Re: Emotions: The Easy Part

Eliezer S. Yudkowsky (sentience@pobox.com)
Wed, 13 Aug 1997 21:52:40 -0500


Darren Reynolds wrote:
>
> A question for you.
>
> Is it not possible that our emotion is an illusion which emerges from our
> programmed reaction to certain stimuli? A tiger approaches; we appear to
> get frightened. Perhaps objectively we merely go through physiological
> changes which prepare us to escape injury.

As such, not very likely. I have my own theories about how emotions work; it
has to do with the existence of cognitive objects called "goals"; most of the
interesting stuff comes from our two-tiered architecture, the pleasure/pain
system's centrality, and the coordination between goal-system and worldview.

Point being... no, this doesn't seem very likely. Aside from the subjective
view, the emotional processes are too complex to be purely reflexive or
behavioristic.
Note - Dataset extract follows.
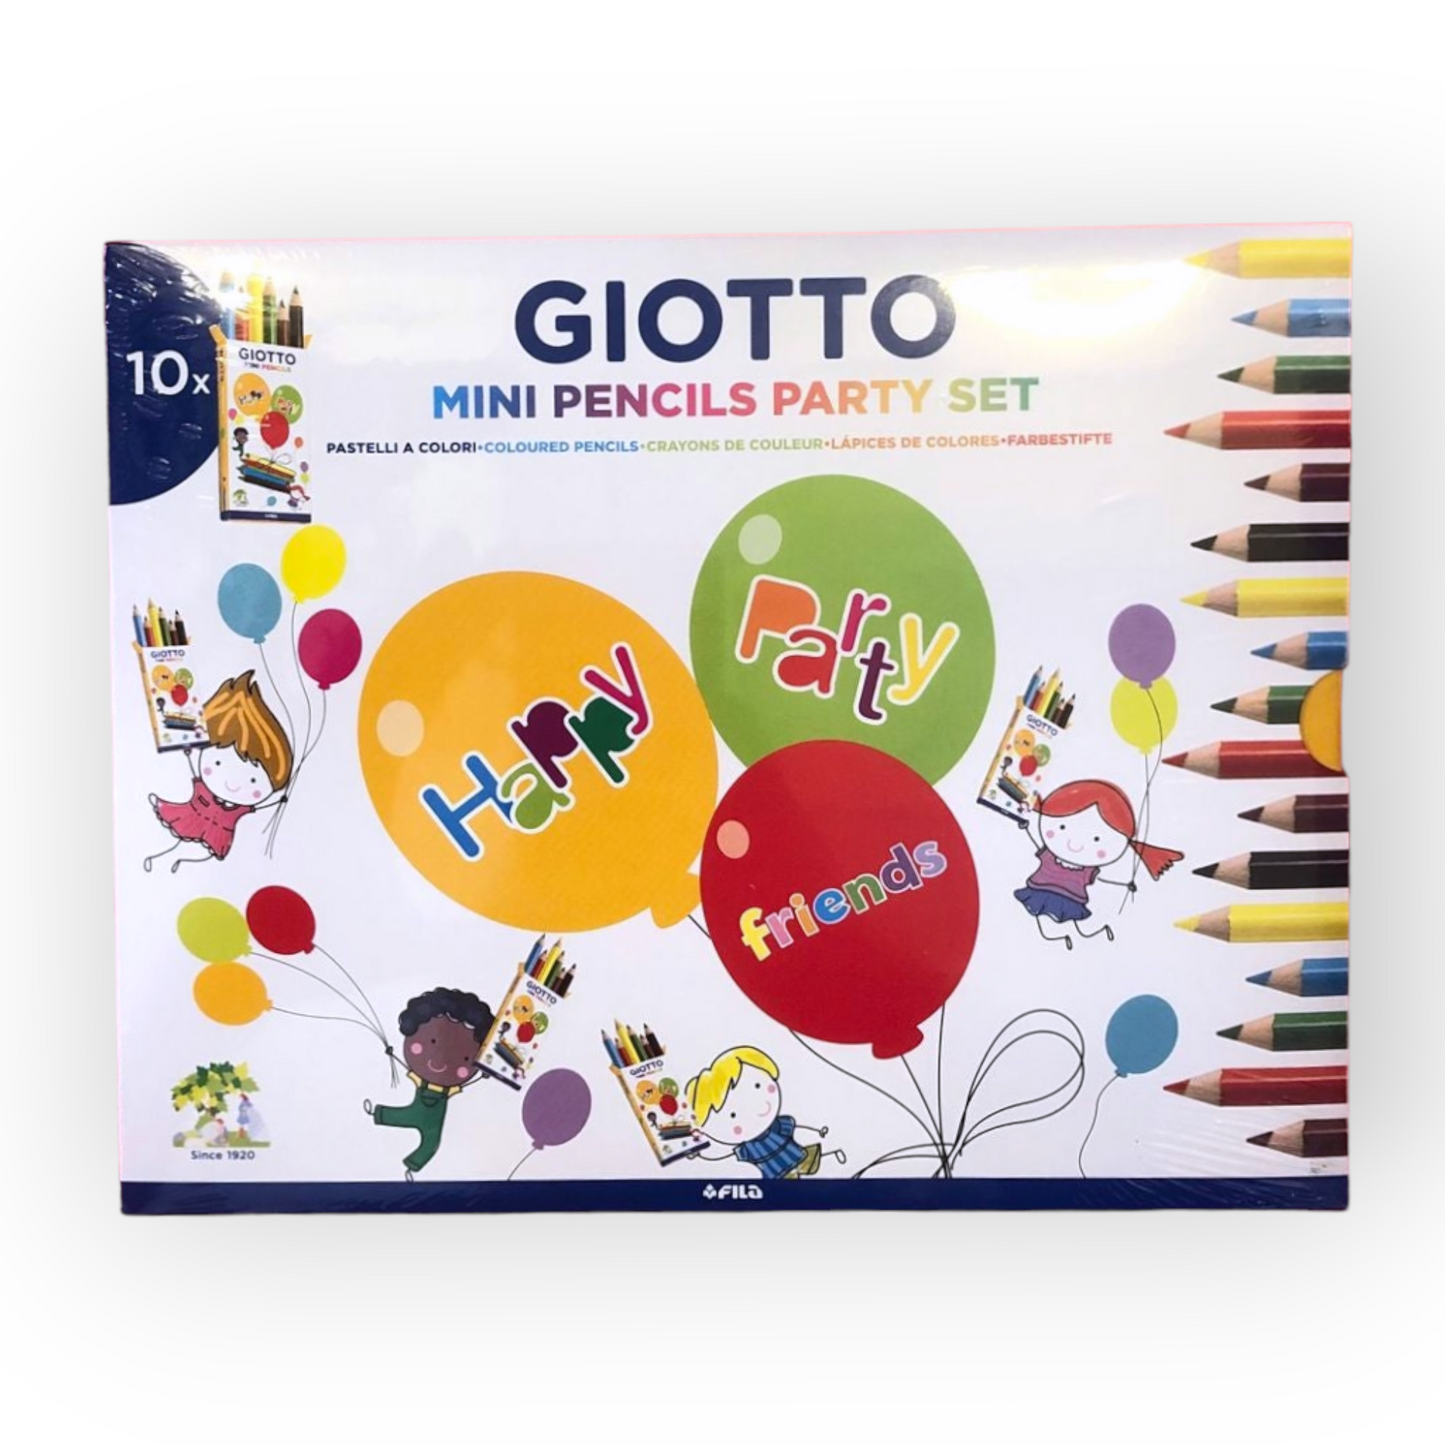 GIOTTO Mini Pencils Party Set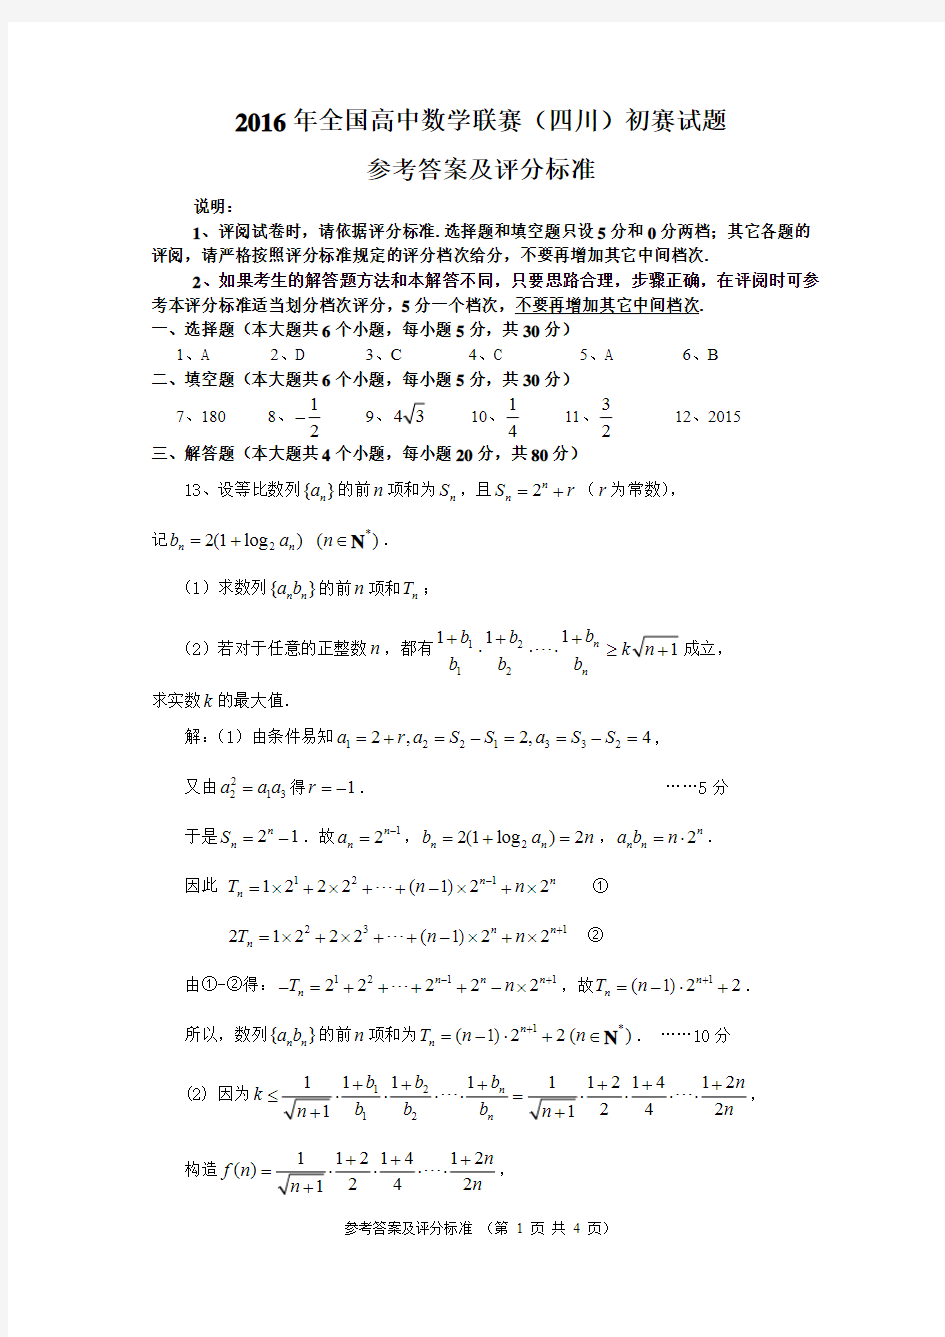 2016年高中数学联赛四川预赛参考答案及评分细则 (1)

The amount of grief parents experience over the death of a
child correlates roughly with the amount of effort wasted, from a reproductive
cost-benefit view. This is evolutionary, rather than conscious, in origin...
and demonstrates that evolution can control the emotions in detail.
Evolutionary psychology explains emotions far more complex and devious than
fright and flight.

The subjective aspect of emotions does come from an entire orchestra of goals,
viewpoint alterations, belief changes, and physiological responses which
stimulate further changes... but all the cognitive stuff is still there; it is
an integral part.

Finally, although this is getting into the hard problem of conscious
experience, I don't think the physiological stuff can explain the subjective
aspect. Is adrenaline conscious?

> If that were the case, then is it not also possible that Deep Thought and
> its successors have similar illusionary emotions? Suppose Deep Blue wins a
> match. Whilst all the while appearing the same, staid machine predictably
> pulling bytes from RAM and processing them, it deviates slightly and pulls
> a different set of bytes to usual. Nothing odd to the designer there. But
> then there is nothing odd about a little adrenalin escaping into our blood
> stream, and our heart rate going up in the example with the tiger.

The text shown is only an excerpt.